■ **Assigned task**: Return only the lines below starting at the line containing "popularity of the" and ending at the line containing "UNDER ARMOUR Women", both included, exactly as they are and with no pictures.

■ **Provided records**:
==*==

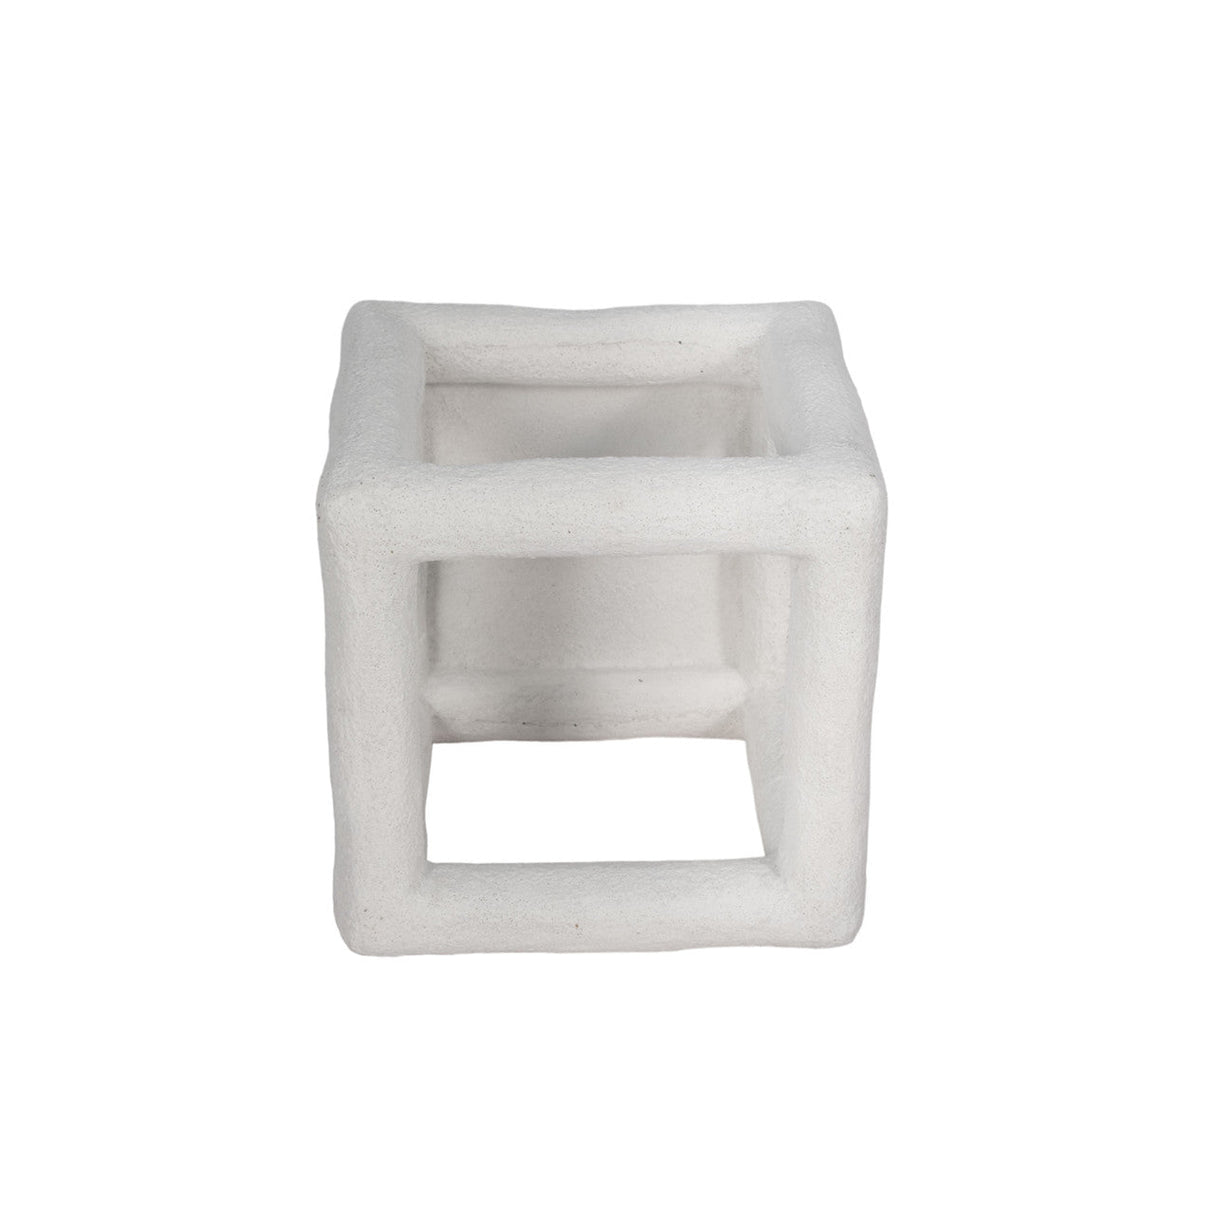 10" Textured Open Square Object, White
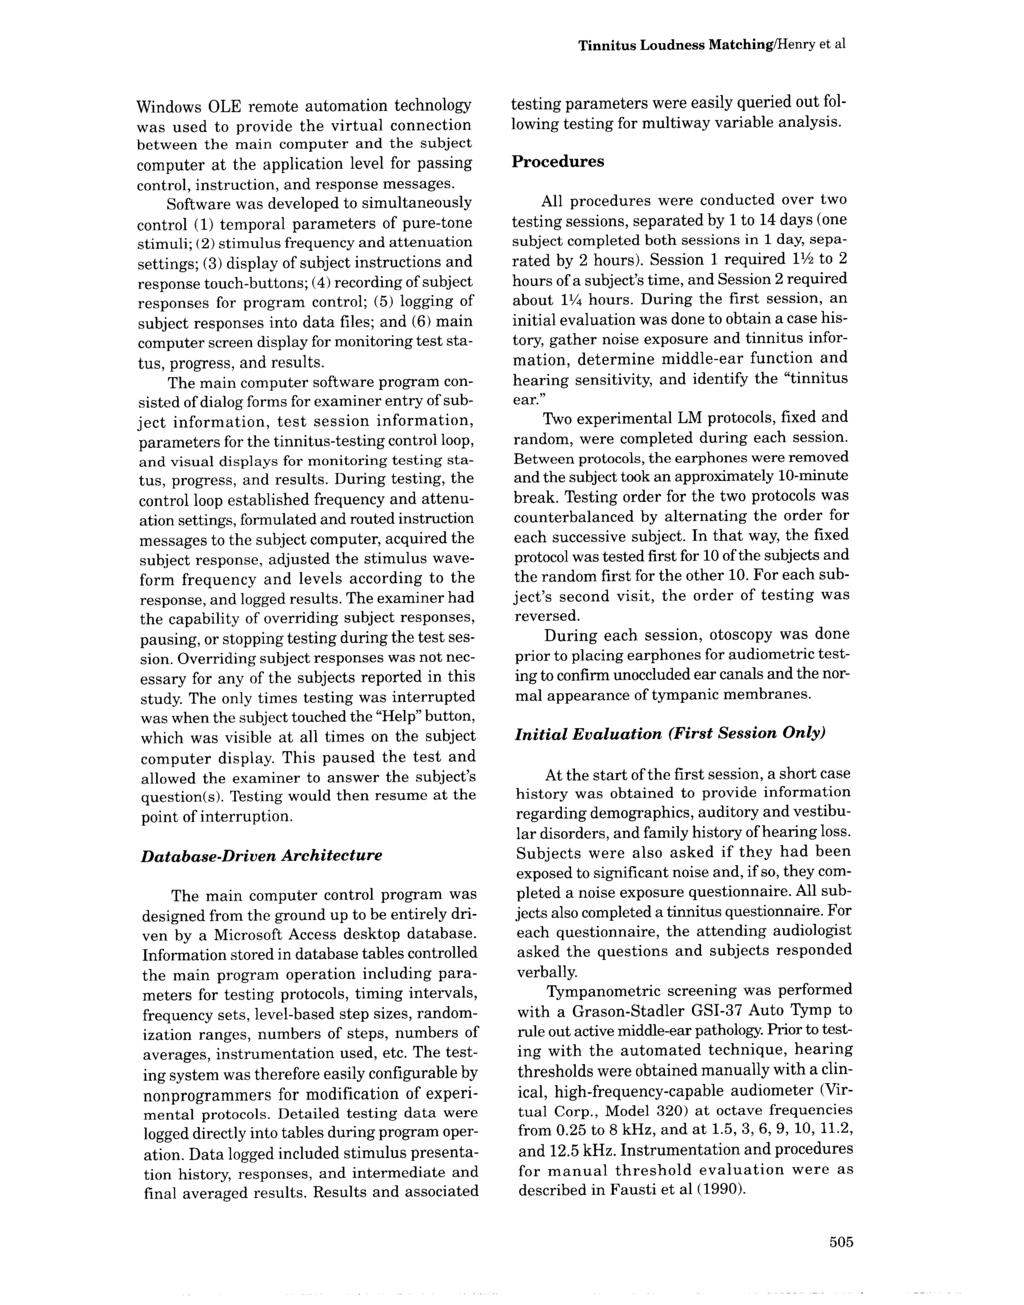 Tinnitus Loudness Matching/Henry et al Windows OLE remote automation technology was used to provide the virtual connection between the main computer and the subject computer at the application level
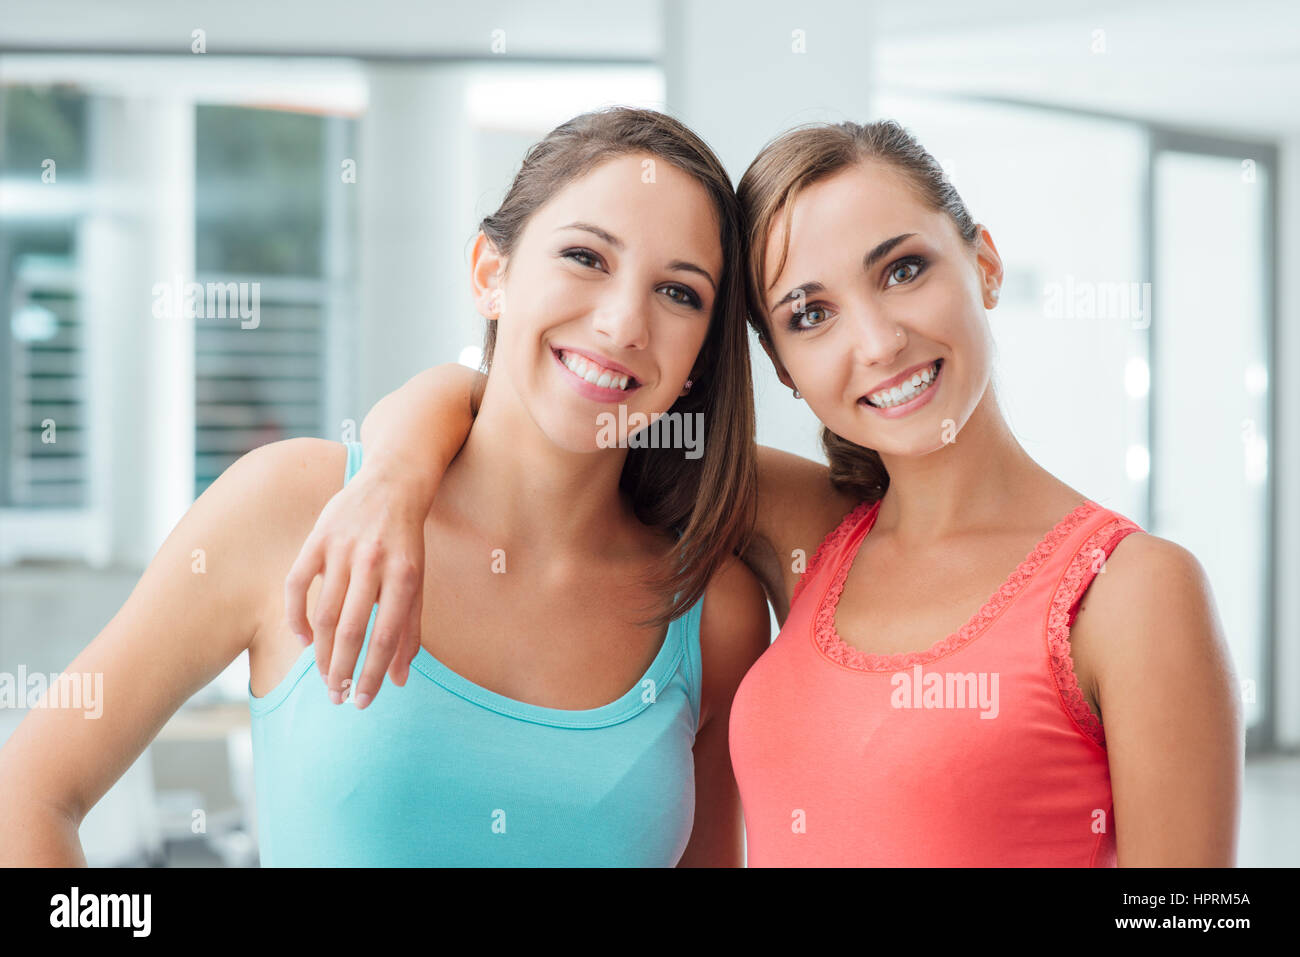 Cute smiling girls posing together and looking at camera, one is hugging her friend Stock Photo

==*==

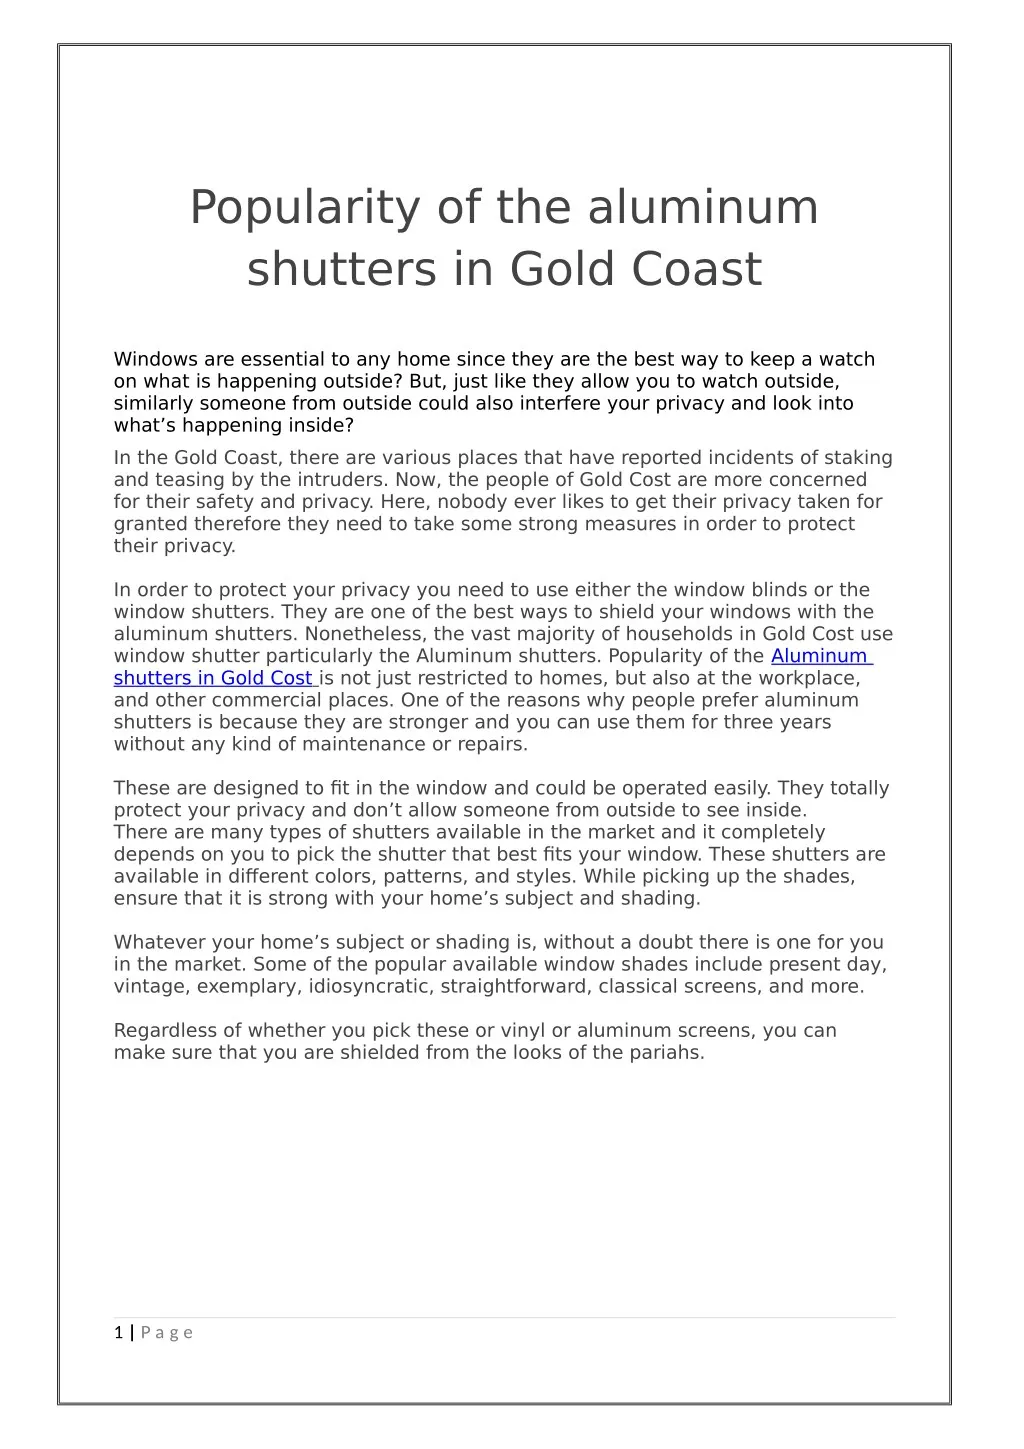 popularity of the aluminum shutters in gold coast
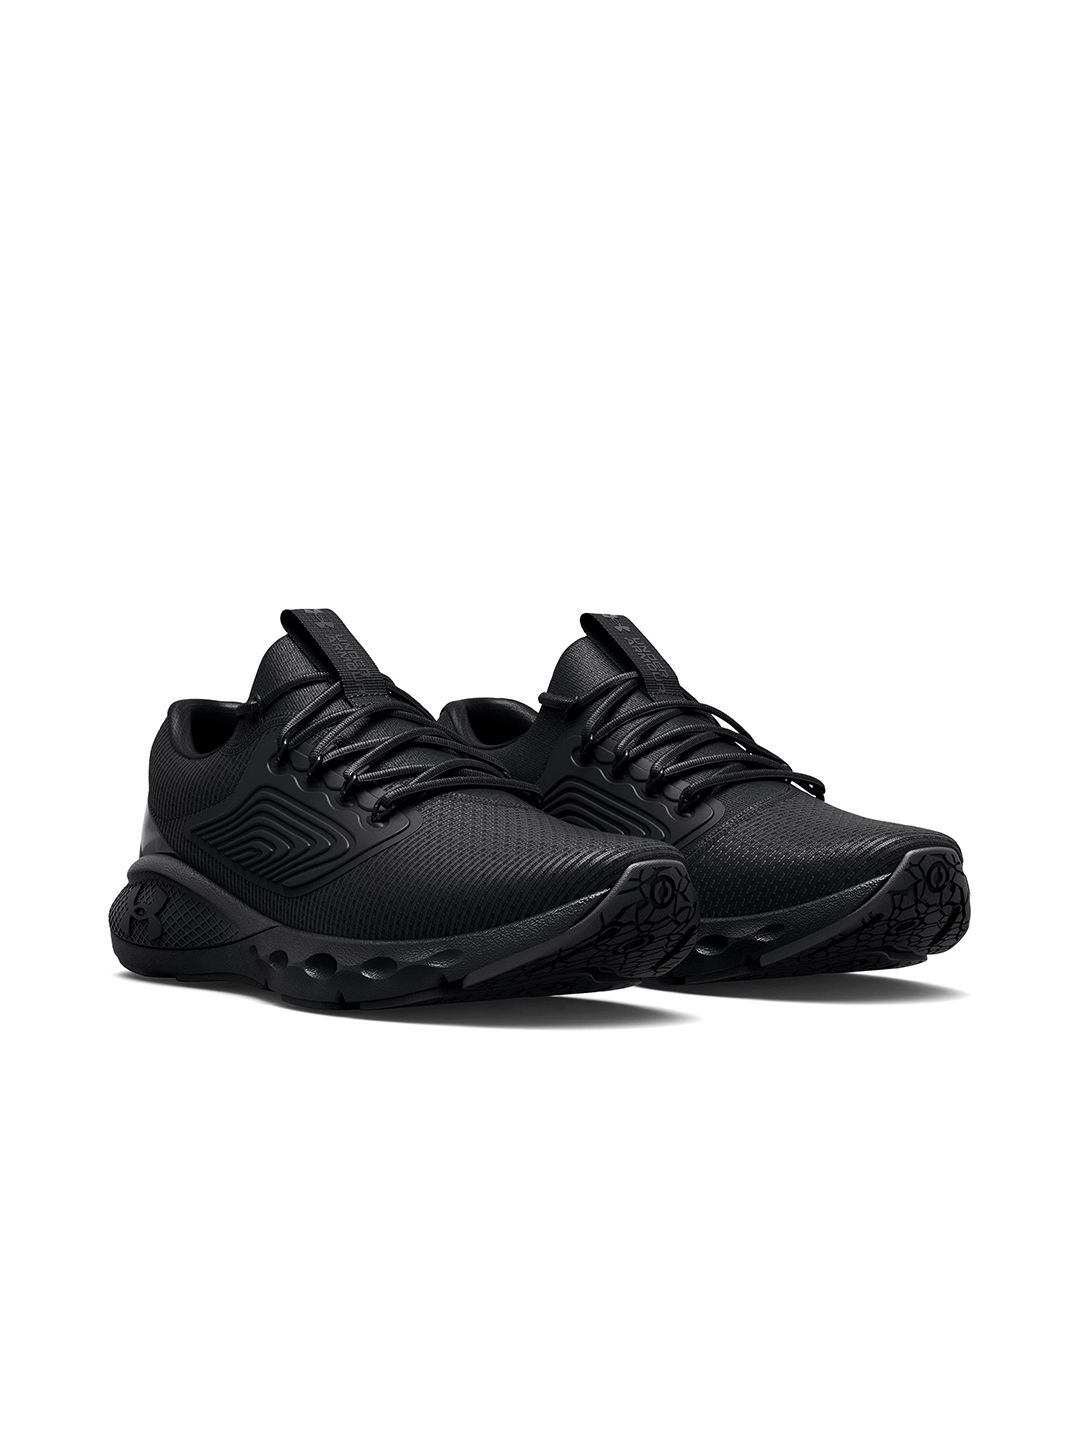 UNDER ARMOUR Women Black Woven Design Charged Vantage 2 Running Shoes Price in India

==*==

■ **Exercise result**:
 popularity of the aluminum shutters in gold coast
 UNDER ARMOUR Women Black Woven Design Charged Vantage 2 Running Shoes Price in India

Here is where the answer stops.